Bruce D'Arcus wrote:
>
> On Dec 22, 2006, at 4:08 PM, Bruce D'Arcus wrote:
>
>> The literal "important" is a property of the resource identified by 
>> the URI <http://ex.net/Important>, which is in turn a property of the 
>> description of the content node. There is built-in indirection of 
>> sorts in the RDF model.
>
> E.g. the way you do it is to *use RDF*:
>
> <text:span xml:id="_foo1">This is an important and </text:span>
> <text:span xml:id="_foo2">divvikult</text:span>
> <text:span xml:id="_foo3"> text!</text:span>
>
> ... then:
>
>   <rdf:Description rdf:about="content.xml#_foo1">
>     <ex:status rdf:resource="http://ex.net/Important"/>
>   </rdf:Description>
>
>   <rdf:Description rdf:about="content.xml#_foo2">
>     <ex:status rdf:resource="http://ex.net/Important"/>
>   </rdf:Description>
>
>   <rdf:Description rdf:about="content.xml#_foo3">
>     <ex:status rdf:resource="http://ex.net/Important"/>
>   </rdf:Description>
>
> Three triples, about three separate resources. You really don't need 
> any complicated indirection beyond that (at least as I understand the 
> problem you presented).
>
> This is why I and others (like Florian) have consistently been asking 
> in these discussions: what is the subject you wish to describe? In 
> this case, it is three separate spans, each with their own (local) 

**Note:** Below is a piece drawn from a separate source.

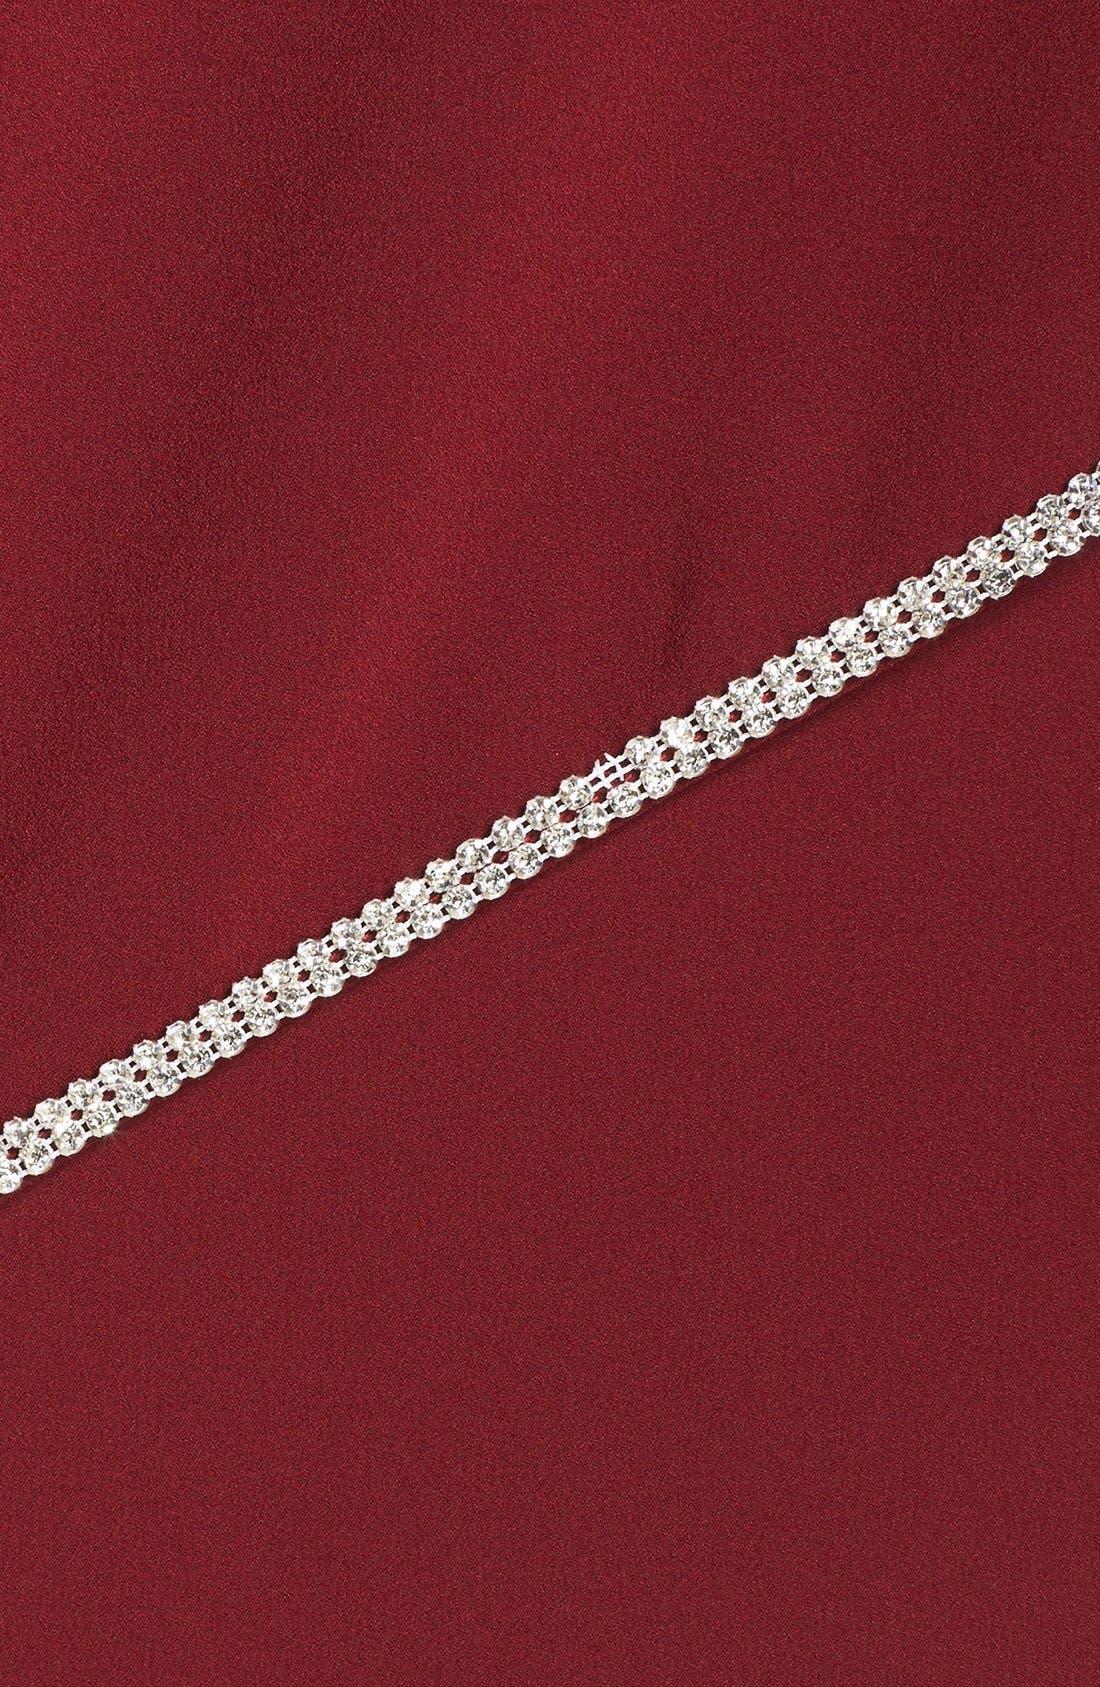 Embellished Overlay Sleeveless Crepe Column Gown,                             Alternate thumbnail 12, color,

> URI. That they each have the same properties is irrelevant; they are 
> three different statements.
>
> Or I suppose (though I'd need to think on it some more) you could also 
> define a style and include in the style definition:
>
>     meta:class="http://ex.net/ImportantParagraph";
>
> Bruce
>
Hi Bruce,

thanks a lot for the examples.
Obviously my example could have been chosen better as what I intended to 
show, was an example of a literal to be referenced from the metadata, 
which only makes sense in it's full length. Imagine a name, quote, which 
looses his semantic when it's string is reduced.  There should be a nice 
example where the literal has to be split, someone help me out on this?